We see this happening already. Amazon, for instance, is adding services on top of its EC2 offering’s raw infrastructure, including data-storage capabilities via elastic block storage, described as “off-instance storage that persists independently from the life of an instance”; messaging capabilities that allow cloud applications to communicate with one another; and disaster recovery capabilities that ensure all data is safe and all applications have optimal uptime.
If you’re merely looking to use cloud applications like Salesforce (a CRM application) or Workday (an HR application), then this trend of consolidation—where large infrastructure players are adding more and more capabilities to their infrastructure offerings and becoming platform offerings—might not be so important to you, as all infrastructure and platform issues that might affect you are hidden behind your application.

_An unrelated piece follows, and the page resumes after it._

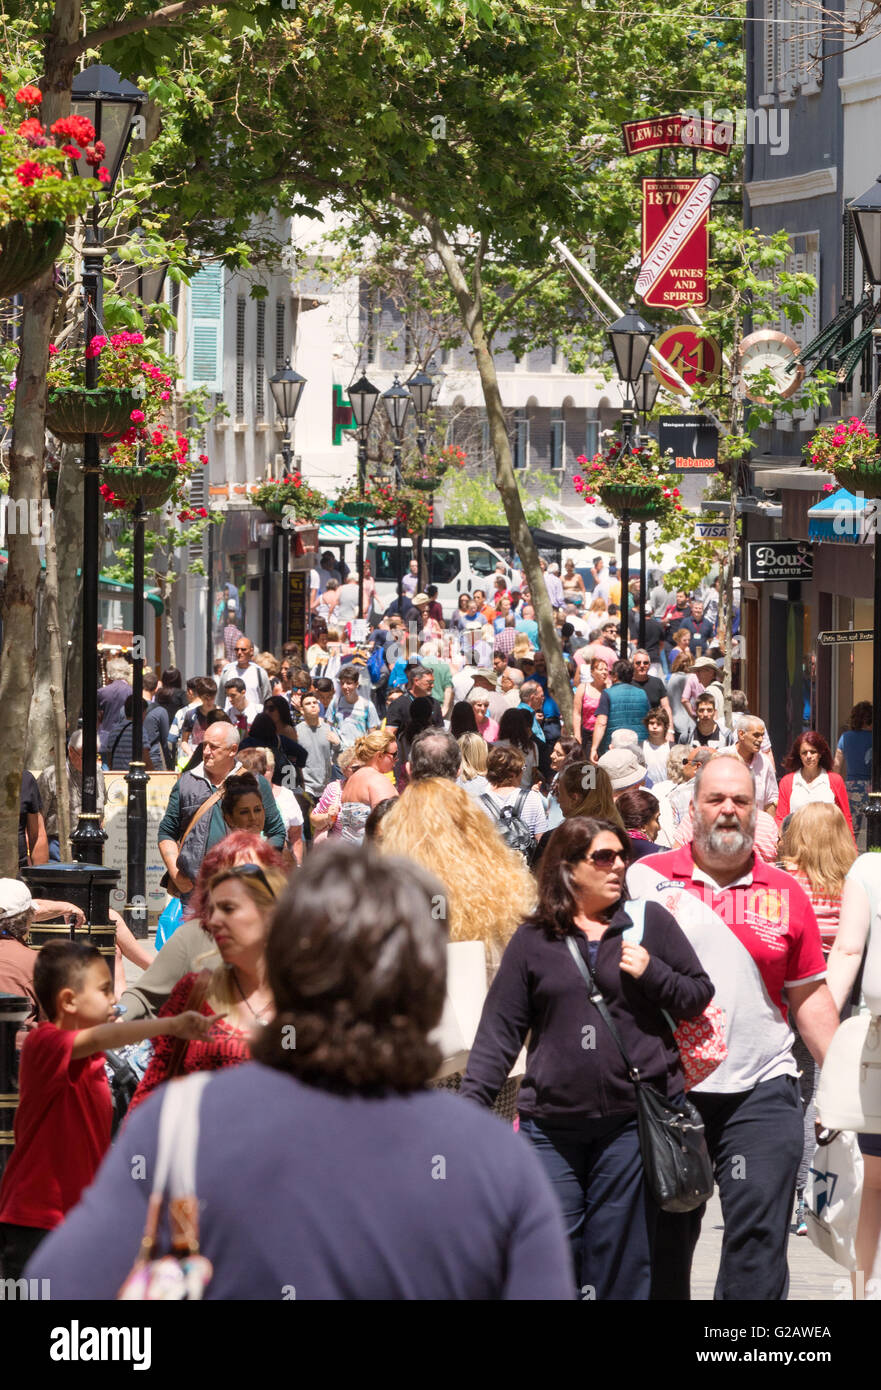 Des foules de gens locaux et touristes sur Main Street, Gibraltar, Europe Banque D'Images

But if you’re looking to move your own proprietary applications to the cloud, then you must consider the long-term potential of your cloud provider very carefully.
Taking advantage of one of the smaller PaaS vendors and building applications using their technology might be a tempting option. But keep in mind that it’s very likely that in two or three years, IaaS vendors that have successfully “moved up the stack” will add more and more of the smaller PaaS vendors’ capabilities to their basic offerings, forcing those vendors out of the market and sending those vendors’ clients scrambling to find new cloud homes.
What would you do if you found yourself in those clients’ shoes?